***** Supplied material

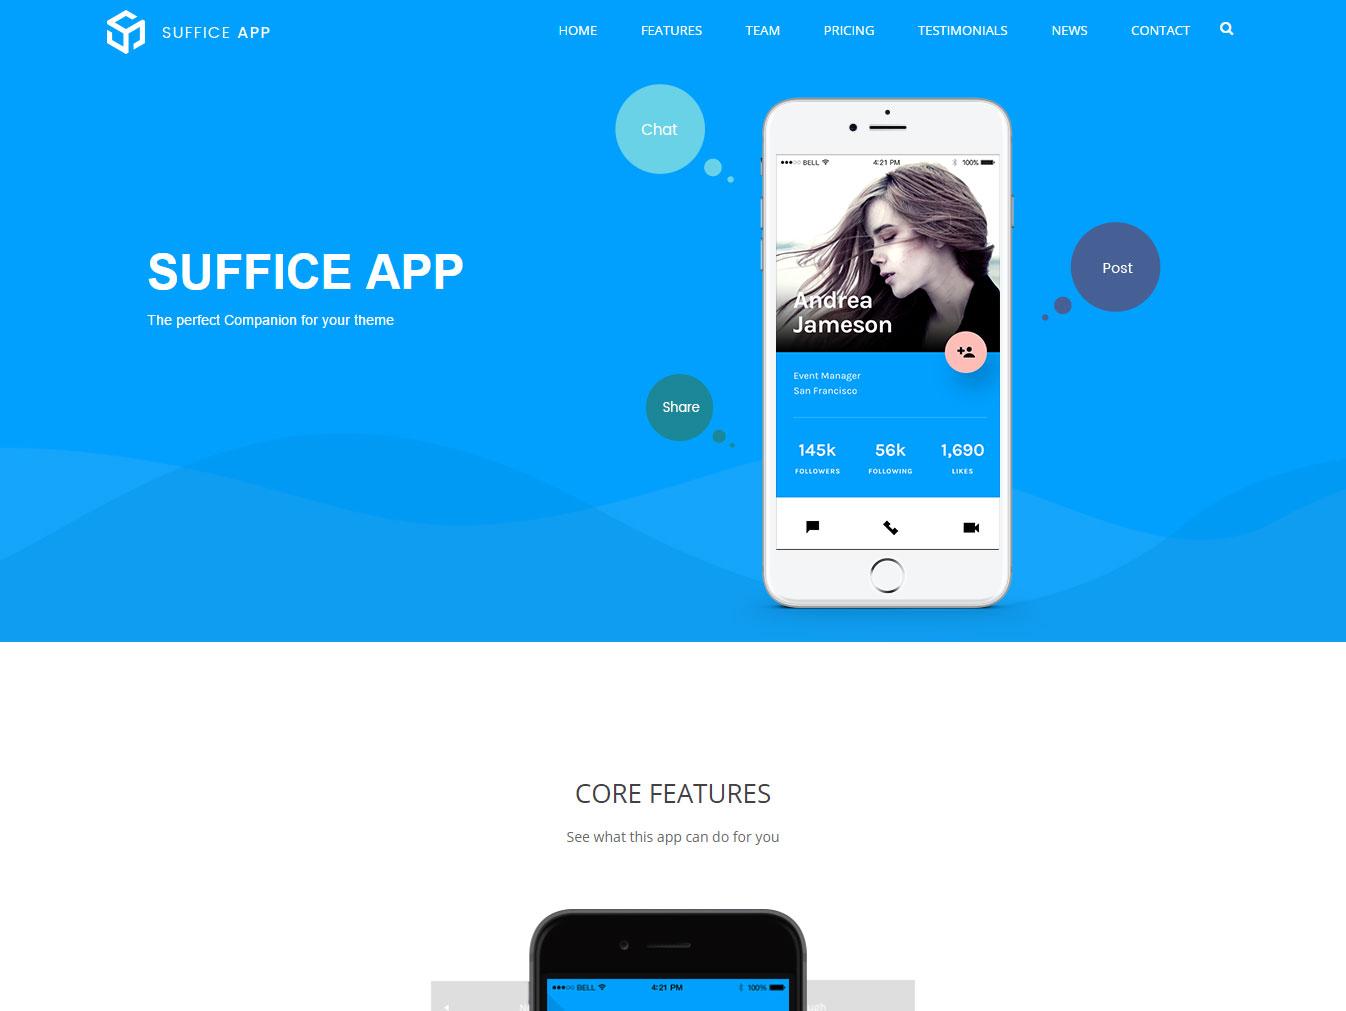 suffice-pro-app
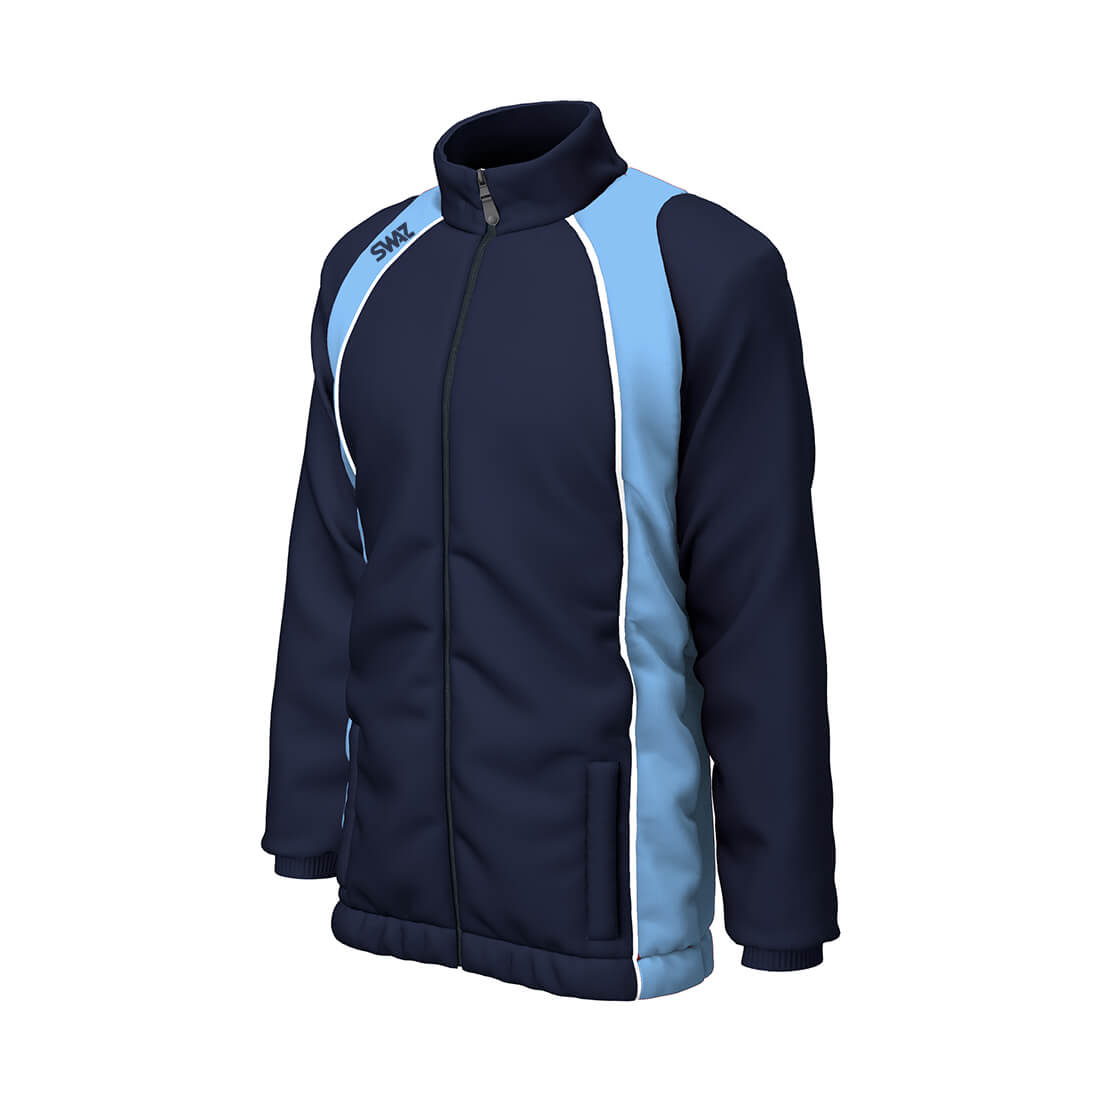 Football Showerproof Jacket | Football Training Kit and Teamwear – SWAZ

**********
***** Supplied material

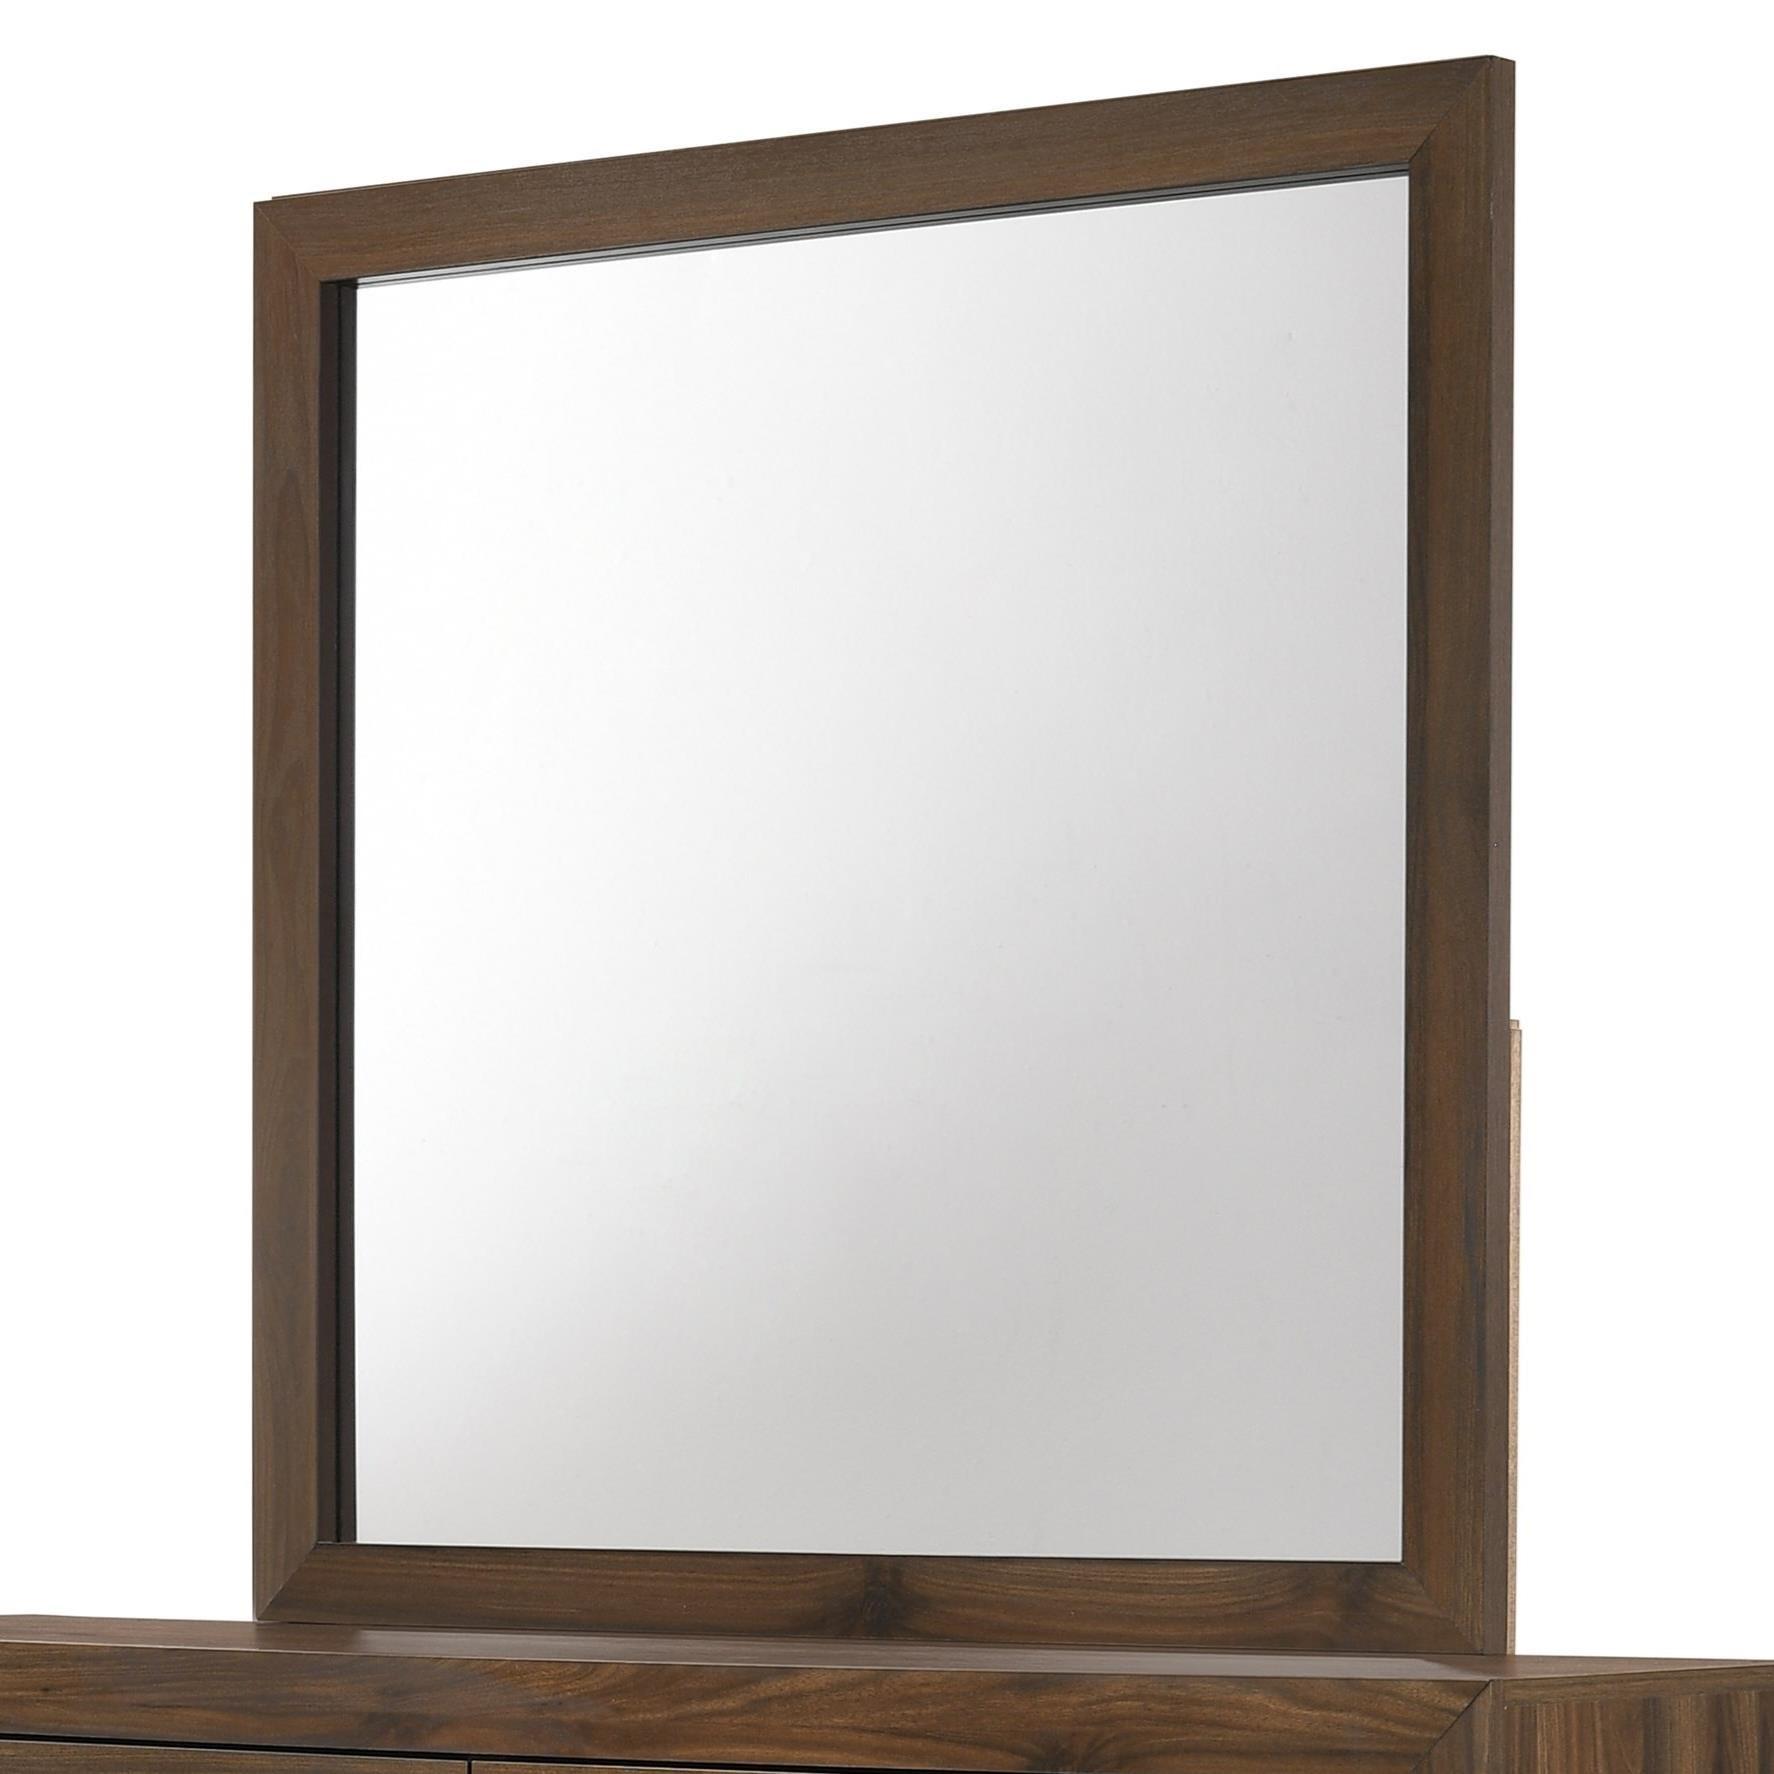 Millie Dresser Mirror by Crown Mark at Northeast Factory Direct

**********
***** Supplied material

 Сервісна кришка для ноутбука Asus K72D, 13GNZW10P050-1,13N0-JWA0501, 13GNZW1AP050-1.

**********

## Exercise brief
Both boundary lines included, write out word for word only the lines above from the one containing "suffice-pro-app" to the one containing "Football Showerproof Jacket", leaving out any pictures.

## The completed task
 suffice-pro-app
 Football Showerproof Jacket | Football Training Kit and Teamwear – SWAZ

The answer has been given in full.